Improving low-resource ASR using bilingual fine-tuning with language identification: a cross-linguistic evaluation
Summary
This study evaluates bilingual fine-tuning for improving Automatic Speech Recognition (ASR) in low-resource languages. The method involves pre-pending input text with a language identification token during training. At inference, the model jointly predicts both the language and the transcription from speech input. The research covers nine linguistically and geographically diverse language pairs. A key finding is that ASR performance is low when the language is incorrectly identified. To address this, a follow-up experiment provided the language identification token during both training and inference. Results indicate that bilingual fine-tuning is beneficial when language identification accuracy is high. Furthermore, including the language identification token at inference significantly improves ASR performance in scenarios where initial language identification is poor.
Key takeaway
For NLP Engineers developing ASR systems for low-resource languages, consider implementing bilingual fine-tuning with language identification tokens. If your model's language identification accuracy is high, this approach can significantly improve ASR performance. When language identification is less reliable, explicitly providing the language identification token during inference is a critical step to enhance transcription accuracy and ensure robust system operation.
Key insights
Bilingual fine-tuning enhances low-resource ASR, particularly when language identification is accurate or explicitly guided during inference.
Principles
- Bilingual fine-tuning aids low-resource ASR.

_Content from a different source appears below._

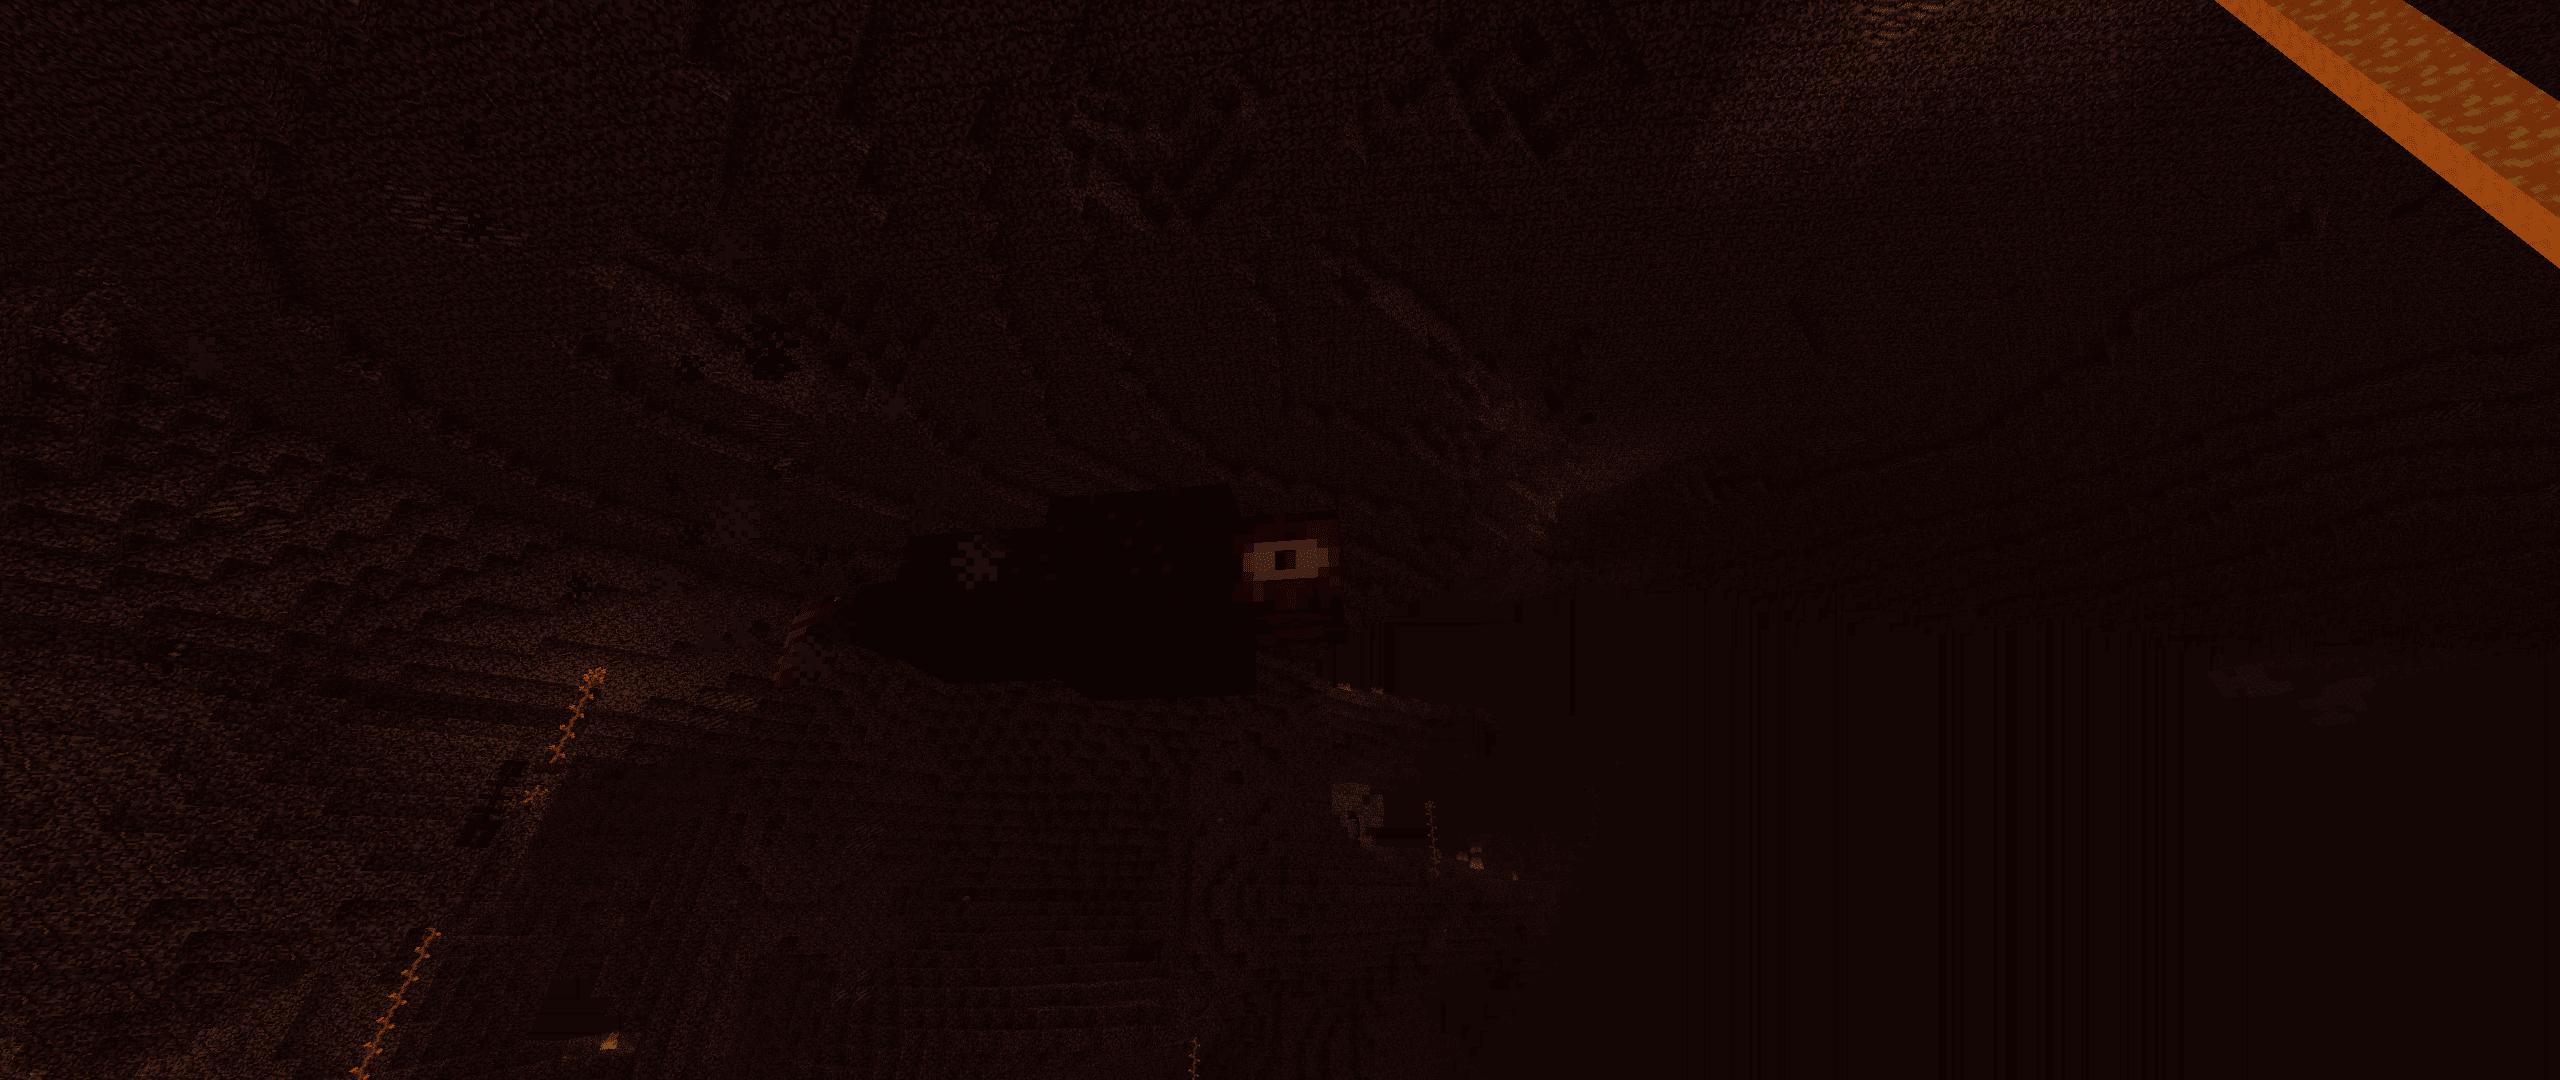 [Mod][1.8.9] Journey into the light - новый DivineRPG!

- High language ID accuracy is crucial.
- Explicit language ID improves ASR.
Method
Pre-pend a language identification token to input text during training. The model then jointly predicts language and transcription. For low language ID accuracy, provide the token during inference to boost ASR.
In practice
- Implement language ID tokens.
- Prioritize language ID accuracy.
- Supply language ID at inference.
Topics
- Low-Resource ASR
- Bilingual Fine-tuning
- Language Identification
- Speech Recognition
- Cross-Linguistic Evaluation
- Inference Optimization
Best for: AI Engineer, Research Scientist, AI Scientist, NLP Engineer, Machine Learning Engineer
Related on AIssential
Editorial summary, takeaway, and curation by AIssential. Original article published by Computation and Language.